1. Network Physics: A Vital Interlinked Anatomy and Physiology

Eom, Young-Ho, et al. Network-based Model of the Growth of Termite Nests. Physical Review E. 92/062810, 2015. Complexity theorists with postings in Italy, France, Finland, and the USA, including Santo Fortunato and Guy Theraulaz at once detail how network phenomena can help quantify how, for example, social insect build and maintain niche constructions. It is then recognized that this facility implies nature’s avail of a universally recurrent geometry everywhere.

We present a model for the growth of the transportation network inside nests of the social insect subfamily Termitinae (Isoptera, termitidae). The model based on the empirical analysis of the real nest networks combined with pruning and a memory effect successfully predicts emergent nest properties.

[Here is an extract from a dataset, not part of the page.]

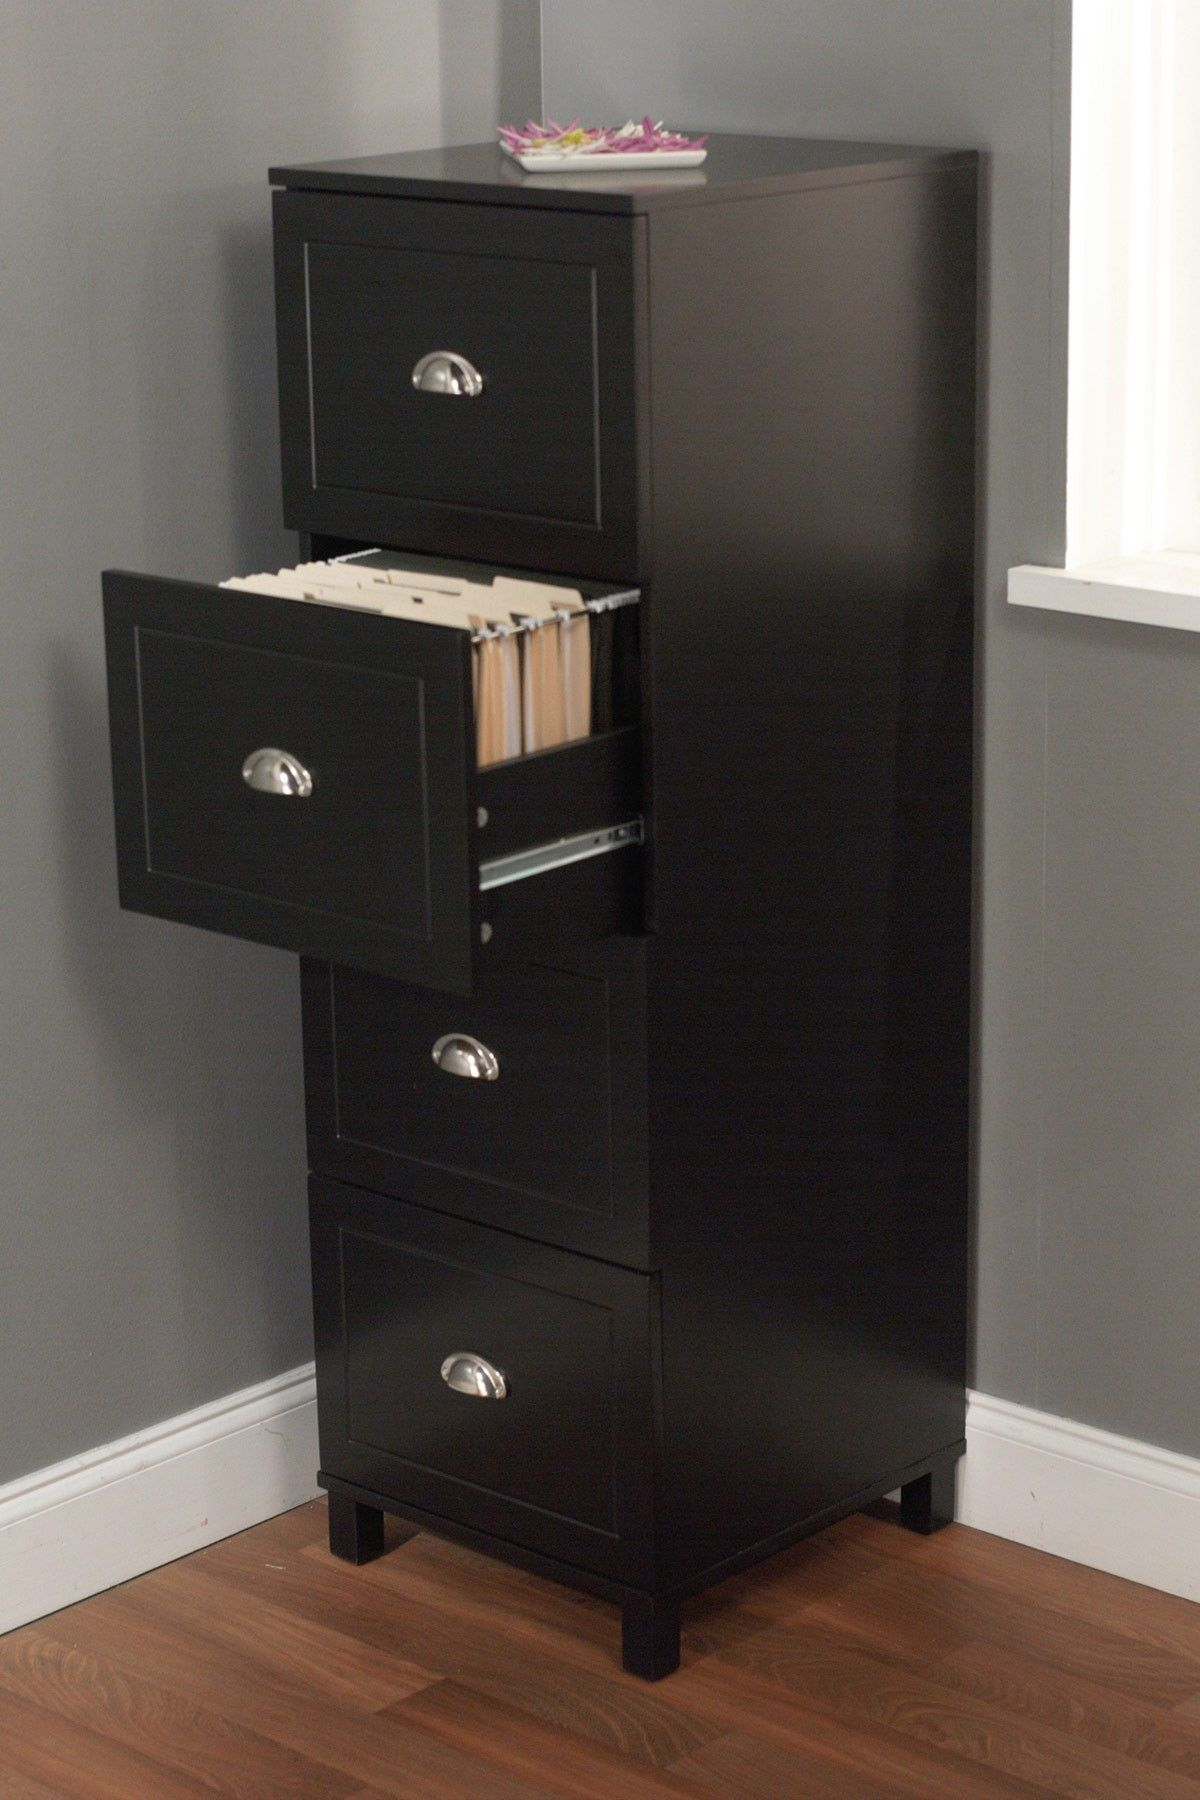 Bradley 4 Drawer Filing Cabinet Black My Preference Is The One In with size 1200 X 1800

Our results provide an example of how complex network organization and efficient network properties can be generated from simple building rules based on local interactions and contribute to our understanding of the mechanisms that come into play for the formation of termite networks and of biological transportation networks in general. (Abstract excerpts)

Faccin, Mauro, et al. Community Detection in Quantum Networks. arXiv:1310.6638. Theorists from Torino, Barcelona, and Oxford including Jacob Biamonte, continue the reinvention and integration of these depths by way of macro complex systems theories. From many aspects, over the past years, by picking up on information qualities, such subatomic activities are found to contain the same nonlinear forms and dynamics as everywhere else, the nested cosmos becomes one whole again. Mauro Faccin and others are planning a Quantum Frontiers in Network Science symposia at the large NetSci conference in June 2014 at UC Berkeley (Google). See also Degree Distribution in Quantum Walks on Complex Networks by Faccin, et al, at arXiv:1305.6078.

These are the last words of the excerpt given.